St. Lachtain's Church was built in 1731 in the village of Freshford, County Kilkenny, Ireland. The church is named after St. Lachtain who died in Donoughmore, County Cork, in 622. It is almost certain that a church was built on the present site soon after St Lachtain's death. During the period of Viking raiding of Ireland, St Lachtain's was robbed of its gold and silver ornaments and its books were burned.

The arch bears an inscription in old Irish and translates into English as:

A prayer for Niamh, daughter of Corc, and for Mathgamhan O Chearmaic for whom this church was made. A prayer for Gille Mocholmoc O Chearmaic for whom this church was made. A prayer for Gille Mocholmoc O Ceannucain who made it.

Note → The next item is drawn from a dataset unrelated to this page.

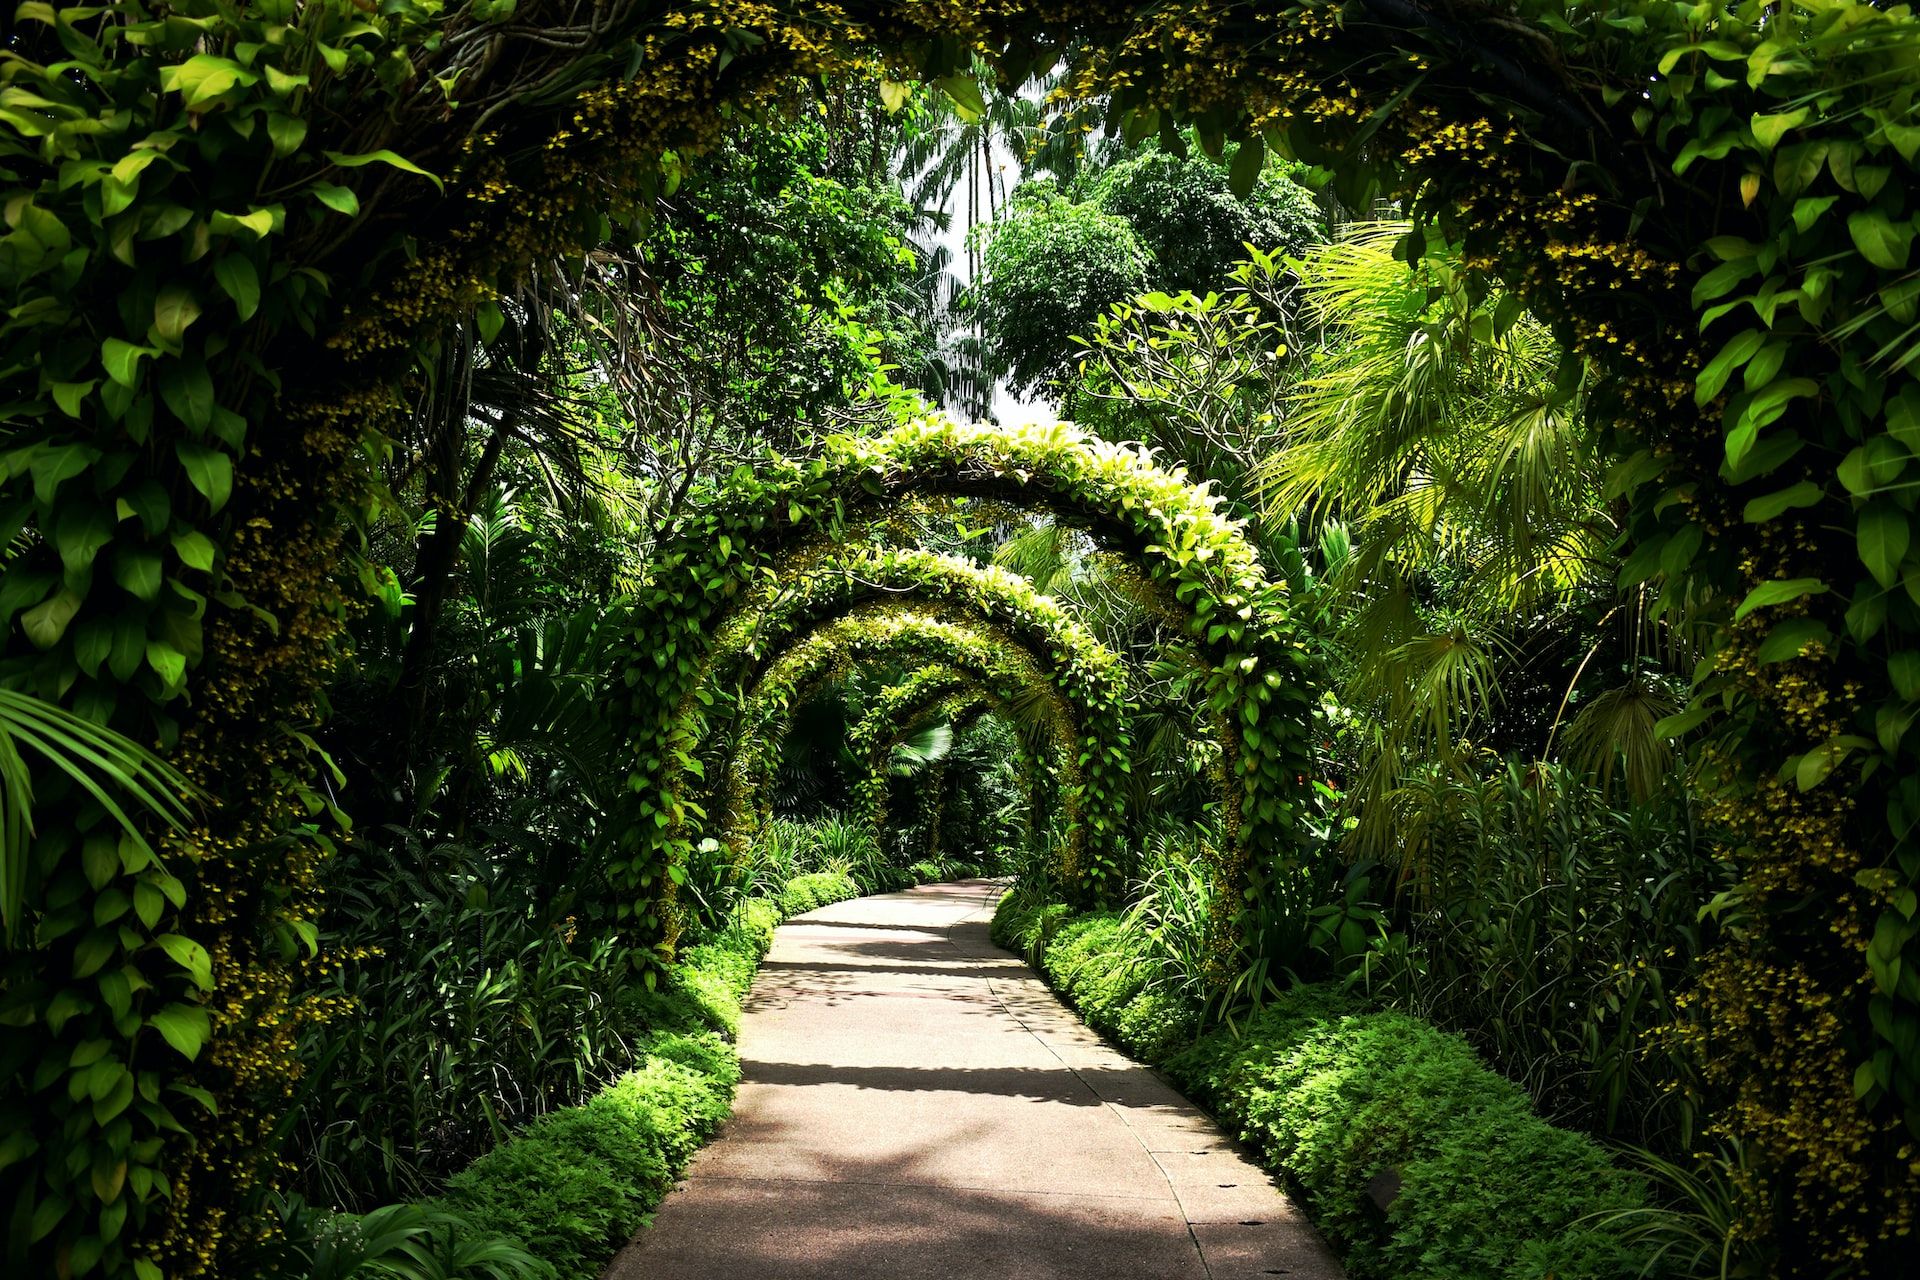 Lush botanic gardens in Singapore

St. Lachtain's church was rebuilt in 1100. The Hiberno-Romanesque porch and doorway being the only remaining part of the former structure.

During St. Lachtain's time, Freshford was a diocese and by 1225 a Bishop's palace for the diocese was built in nearby Uppercourt. The palace was used as a summer residence for over 300 years.

The remainder of the present church was built in 1731 for the Church of Ireland.

In the 19th century gates were placed in front of the main entrance to stop the locals from sharpening their knives on the stone doorway.

==National Monument==

The sandstone Romanesque portal is deemed a National Monument.